Trubshaw Cross

An interesting new article from historian Fred Hughes, on Trubshaw Cross, between Dalehall and Longport [Longbridge] in Stoke-on-Trent…

“Trubshaw Cross is one of Stoke on Trent’s major gateways. It’s where Percy Adams gave us a glimpse of an ancient world where the packhorse was once king of the road.”

Now the area’s modern bits are mostly demolished. In 1624 the Cross was described as the terminus of the Moorlands and Peak packhorse routes headed across the Fowlea for the London Road…

“a great passage out of the north parts unto diverse market towns”.

Trubshaw Cross is a place which is featured in the first chapter of my novel The Spyders of Burslem.

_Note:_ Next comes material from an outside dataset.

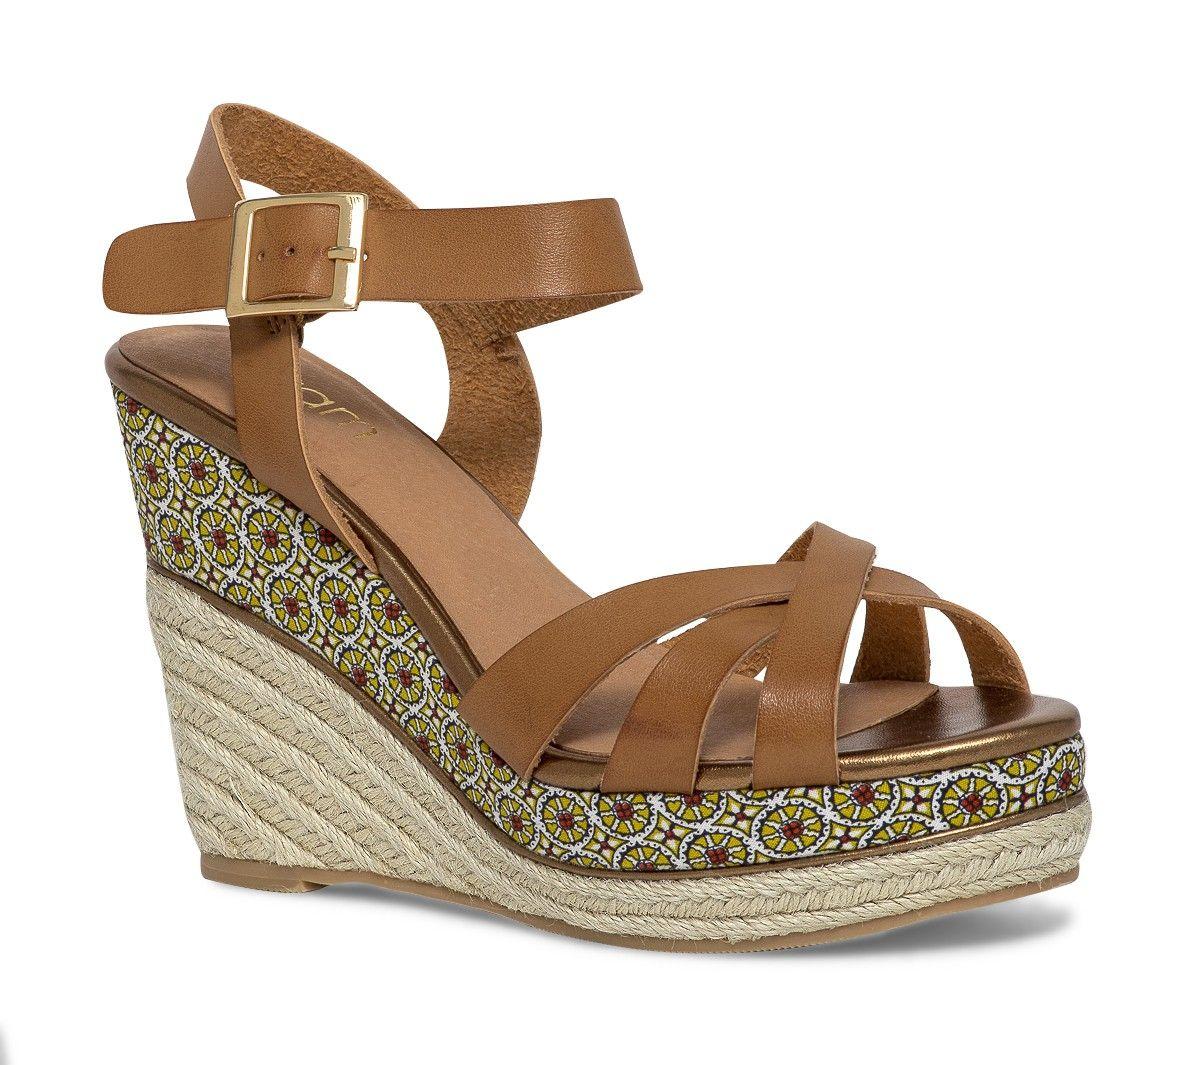 Chaussure a talon compense camel

Fred interestingly notes an antiquarian dating of the cross base…

“[Percy] Adams identified the stone base as being of Saxon origin” […] “the historian John Ward Ward notes in 1843 that only the stone base remained”.

Fred seems to imply there’s a threat that the cross’s traffic island might be removed. In which case, if it is Anglo-Saxon (as seems likely from the ancient age of the site and the old documentation), then it might be interesting to first do a proper deep archaeological dig on the site of the whole island. Perhaps nearby Steelite might sponsor that?